## Goal of the exercise
Write out, word for word and with no pictures, each line below from the one containing "Bouteille de vin" through the one containing "Украшение новогоднее подвесное", both included, and no other line.

## Data provided
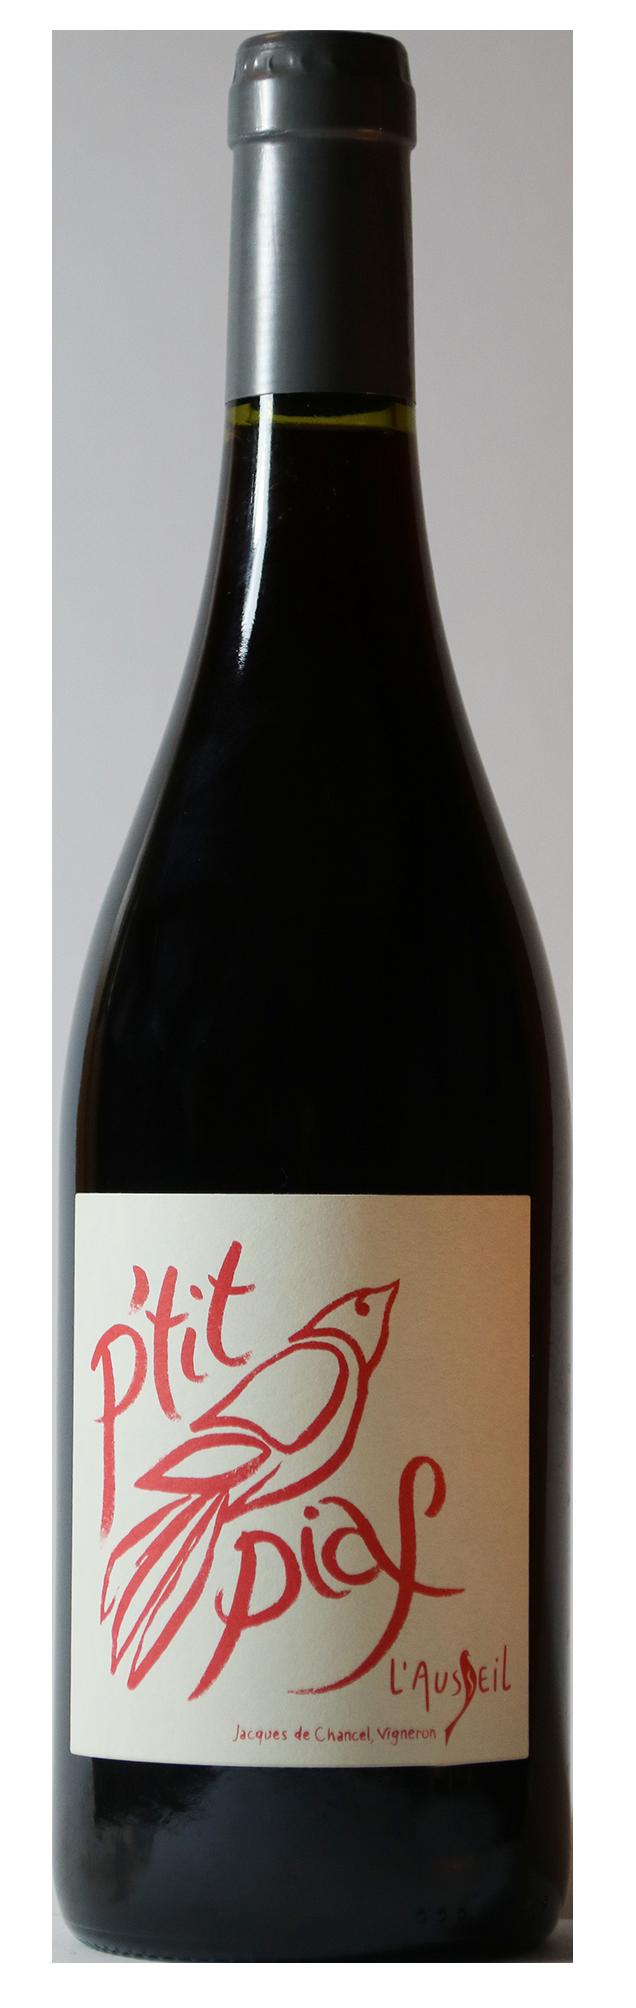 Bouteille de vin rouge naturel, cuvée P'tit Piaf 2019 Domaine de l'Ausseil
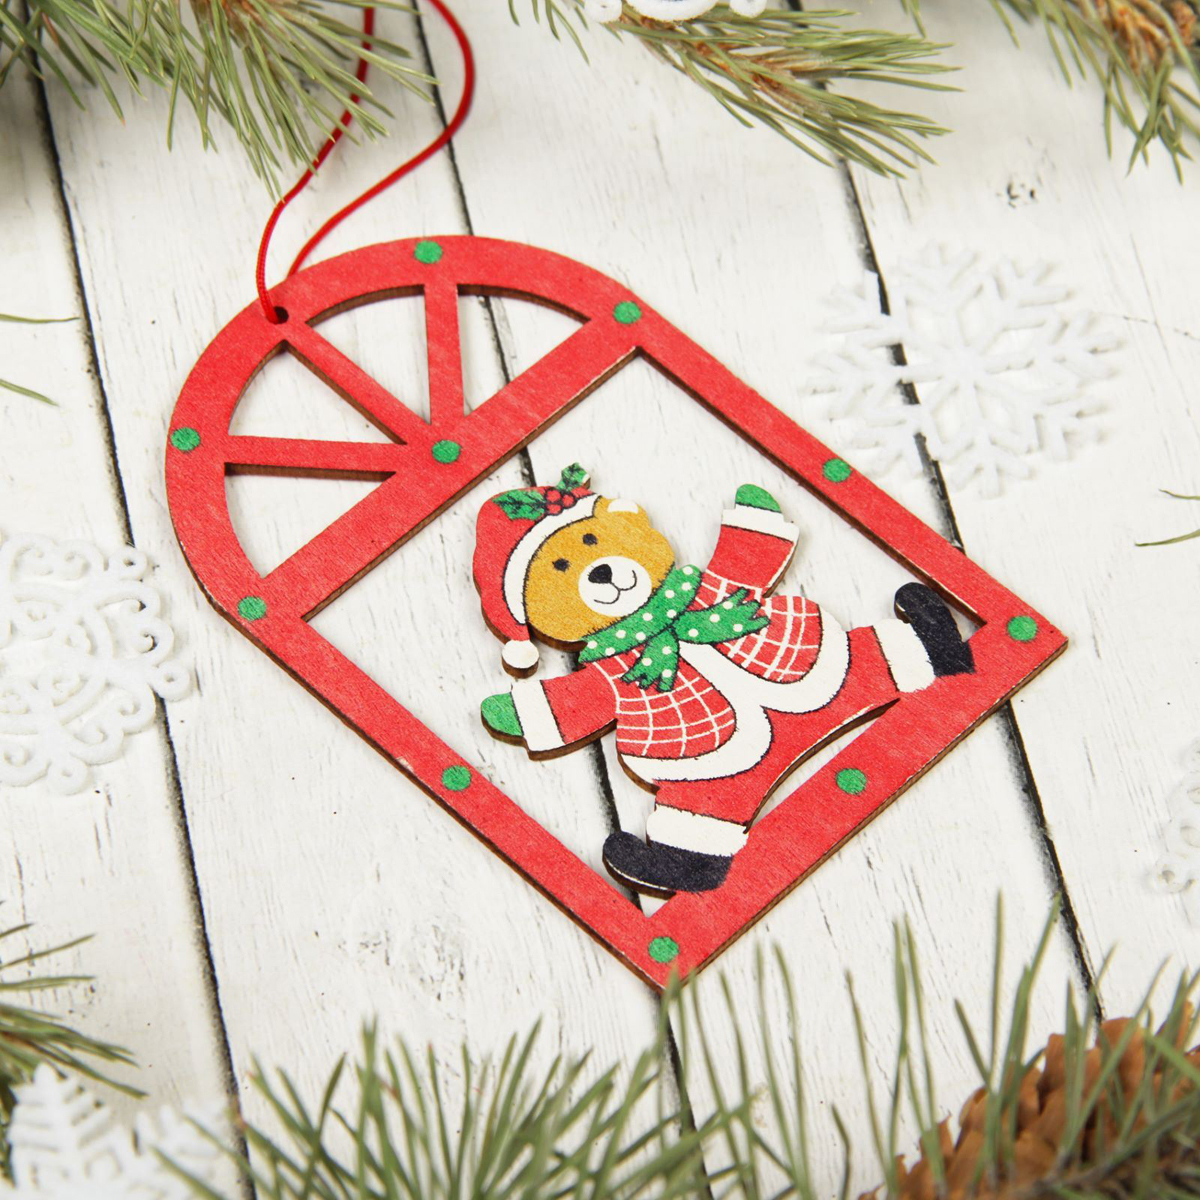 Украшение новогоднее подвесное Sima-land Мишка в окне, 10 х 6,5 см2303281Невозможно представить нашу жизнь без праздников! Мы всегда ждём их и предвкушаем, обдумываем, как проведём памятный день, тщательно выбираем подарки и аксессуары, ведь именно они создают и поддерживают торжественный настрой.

* * *

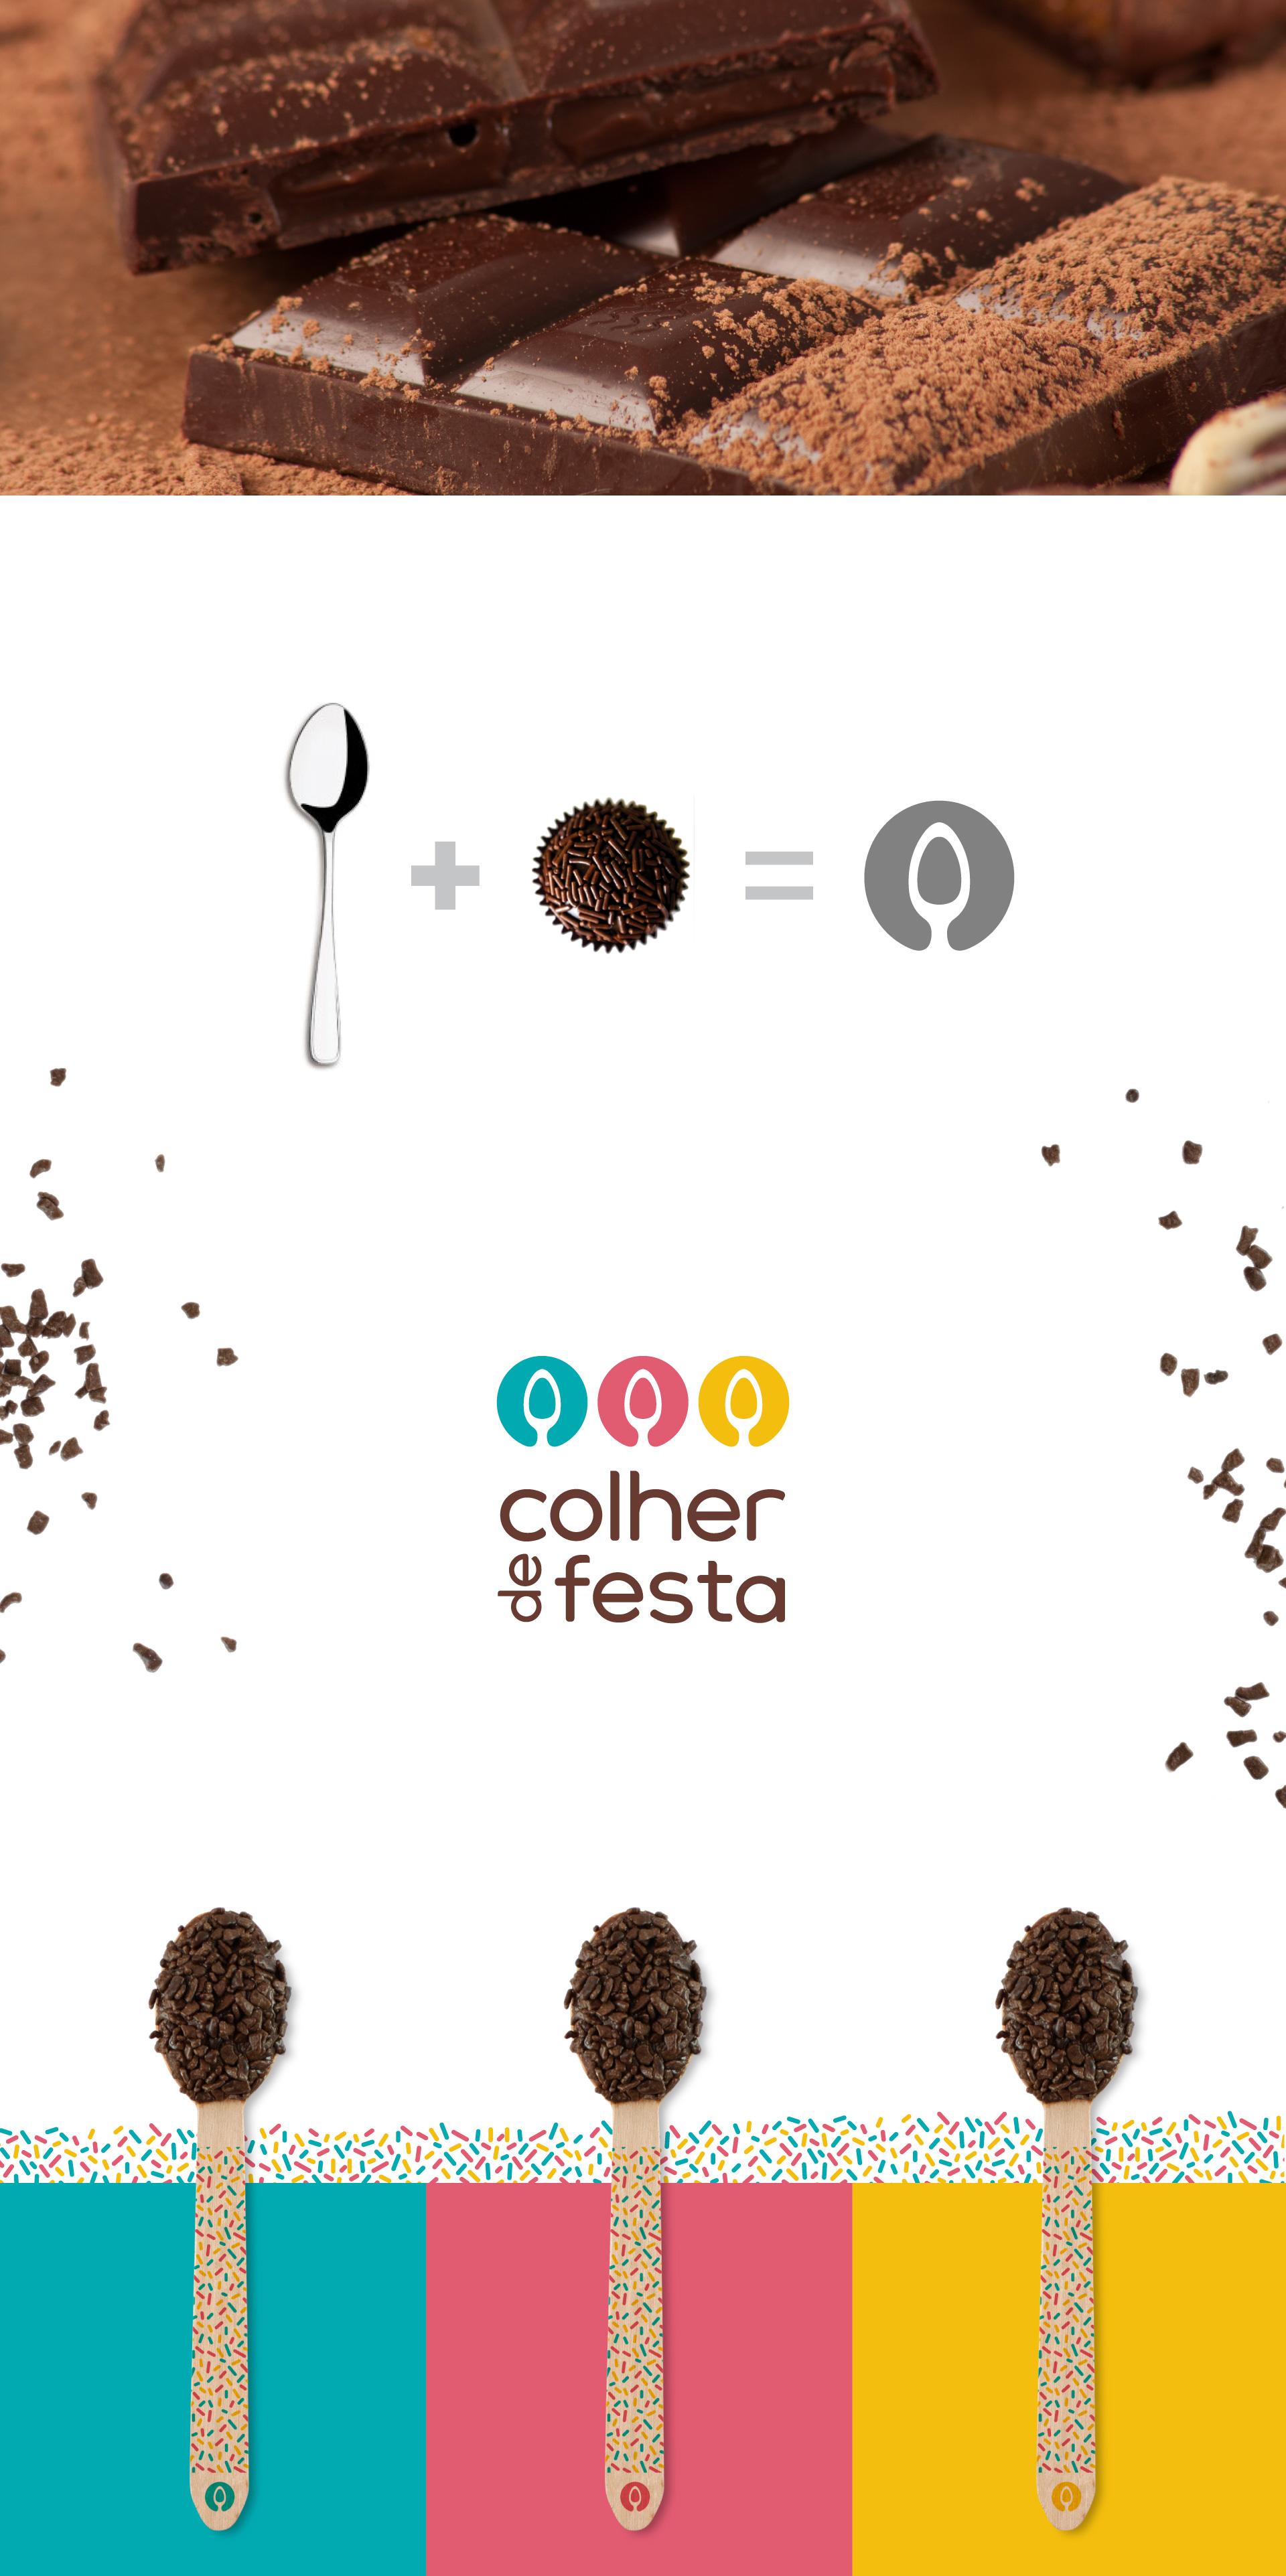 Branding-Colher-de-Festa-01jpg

## Solution for this problem
 Bouteille de vin rouge naturel, cuvée P'tit Piaf 2019 Domaine de l'Ausseil
 Украшение новогоднее подвесное Sima-land Мишка в окне, 10 х 6,5 см2303281Невозможно представить нашу жизнь без праздников! Мы всегда ждём их и предвкушаем, обдумываем, как проведём памятный день, тщательно выбираем подарки и аксессуары, ведь именно они создают и поддерживают торжественный настрой.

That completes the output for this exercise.